Many of you have expressed your thoughts concerning my last post, mainly telling me to cut myself some slack. So, I want to clarify that I do know that sometimes running does give me time with God. Most of the time, running is something for me that is a time where I can empty my mind of any thoughts. One of the few moments during the day when I try not to think of anything, other than being in the moment. It's the kind of activity where I invite God to come along and watch, much like my daughters might as me to watch them sing or dance. To me, that's different than concentrated, focused time with God. Not bad, just different. And the point was that I hardly ever get upset if I miss some concentrated, focused time with God. If I do get upset, it's never like when I miss a run. And I still do not feel that is right, at least for me.
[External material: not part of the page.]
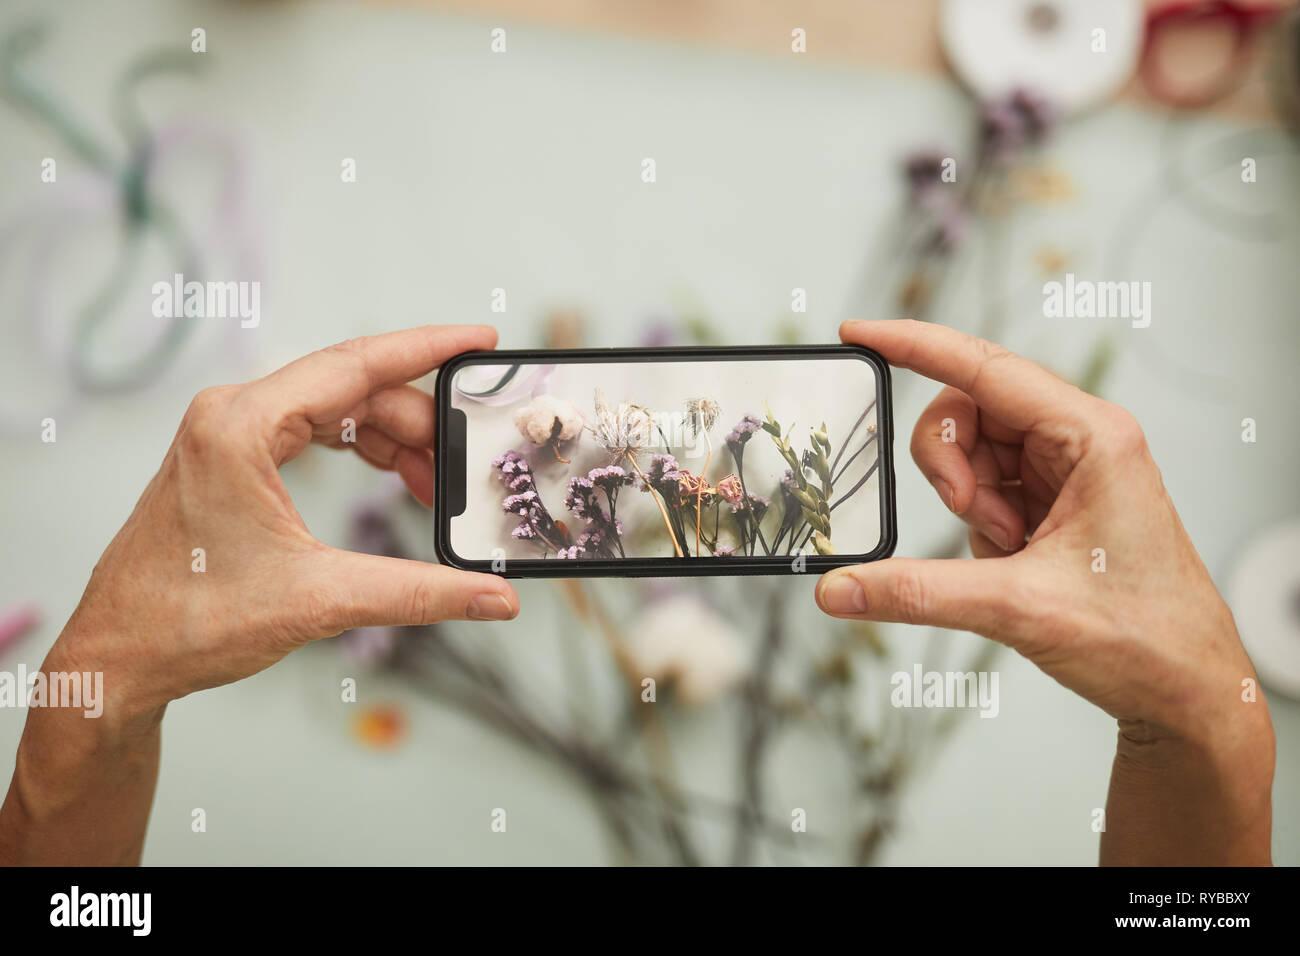 Oben Ansicht Nahaufnahme des unkenntlich Frau unter Mobile Photo von Blume Zusammensetzung in art studio, Kopie Raum Stockbild

I want every piece of me to YEARN for more God, for more interaction with Him. I know He is ready and willing, it's a matter of me paying attention. So, during my trail run, I tried to pay attention to Him, while allowing my mind the freedom to not think of anything in particular. Within the first few moments I came across a bridge, and that just made me stop in my tracks, take a picture, and thank God for the moment. I knew it was there, but for some reason I just felt God stopping me in that moment, to drink in the sweetness of my surroundings.
I loved coming across this bridge. I continued running, all the while paying attention, and eventually came upon a few deer. I couldn't ever quite get close enough for a picture, so I just stood for a moment and again thanked God for the experience. Eventually I moved on, and came upon half a dozen deer. The next few minutes played out like a game of visual tag between me and the deer, as they would bound off, only to reveal themselves again moments later. It was an amazing cat and mouse display, one that I thoroughly enjoyed!
Eventually I sensed God tell me it was time to put away the camera, and enjoy what I came to do; run. So I did just that, enjoying the gift that God gave me. If you haven't already guessed it, the pictures above are just a snipet of my time. I love capturing moments like this, but then, sometimes it's just nice to enjoy being in the moment.